During the company’s “early customer conversations, including in our design partner program, we are hearing valuable feedback on use cases from customers that are looking to automatically extract metadata from their documents to drive workflows, ask questions of large sets of documents to find things no human would be able to answer or intelligently protect their content with more advanced data classification,” according to Levie.

“This is just the start of what’s possible,” he noted. “Our customers are excited about the new possibilities for productivity and insight they will gain from using Box AI with their content.”

Box will share “even more news at BoxWorks around how we’re advancing Box AI and bringing it into the hands of even more customers,” he said, noting his company’s annual conference will held October. The company plans to “share updates from across the entire product platform to our customers and lay out our vision for the future of work with AI” there, he added.

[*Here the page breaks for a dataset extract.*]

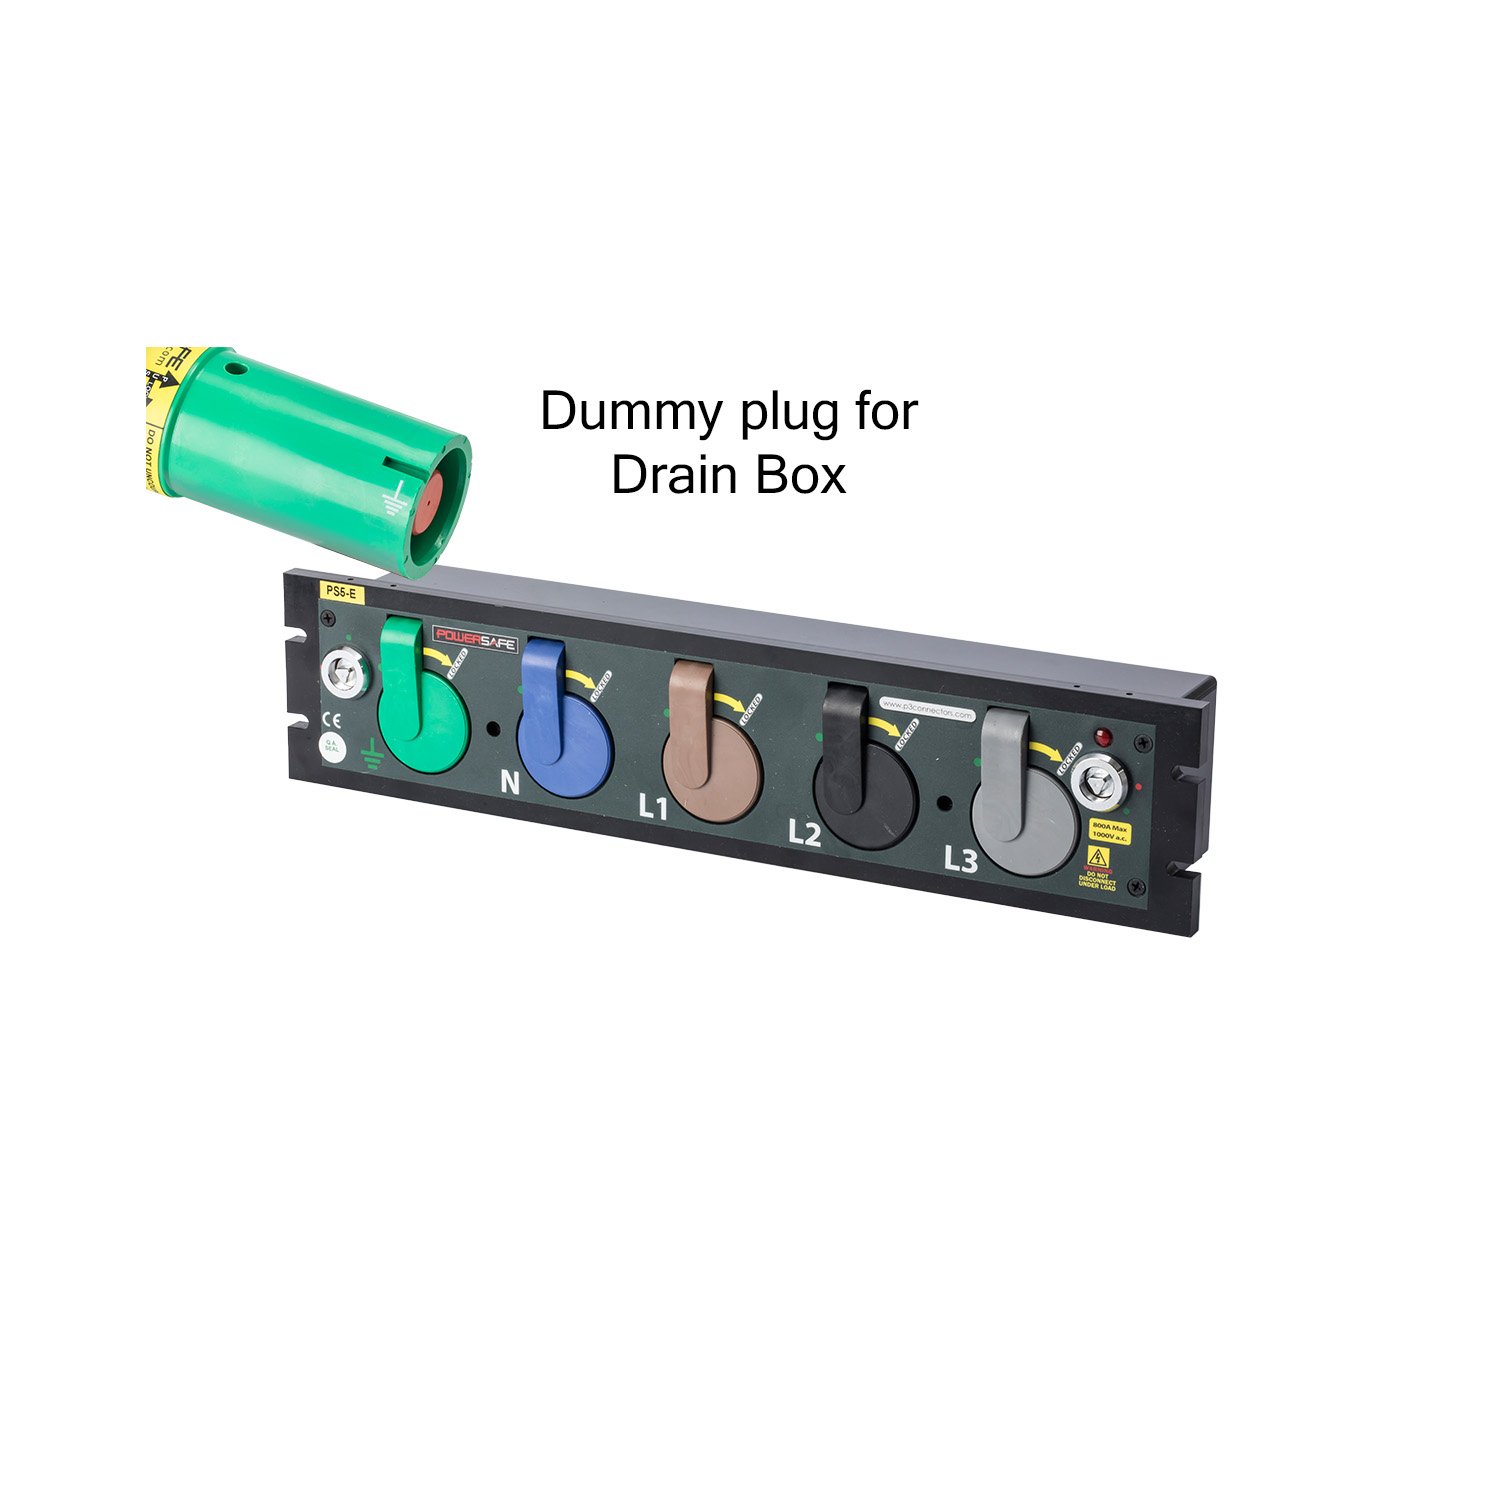 126325 P3 DRAIN BOX Dummy PLUG E-GN to use Sequential box without Earth lead

Meanwhile, over the past few months, Levie said he spoke with customers “across nearly every sized business, geography and industry. While customers are still facing various macro pressures that impact IT spend and see growth in the near term, Box is still being prioritized in the areas where our unique value proposition is aligned with the IT decisions they are making in the near and long term around digital imperatives and the role of AI.”

During his conversations with CIOs, he said, it was “clear that they’re looking to advance their digital strategies to help drive growth in their business, improve productivity across their organization, leverage integrated platforms that can provide them more value and keep their enterprises secure from threats.”

He added: “At the same time, they have more content than ever before and are looking to leverage AI to accelerate their business processes and how they work.”

Box Q2 revenue grew 6% to $261.4 million, a 6% increase from $246.0 million in Q2 last year, the company said. Net income, meanwhile, swung to a $5.7 million profit (4 cents a share) from a $3.3 million loss (2 cents a share).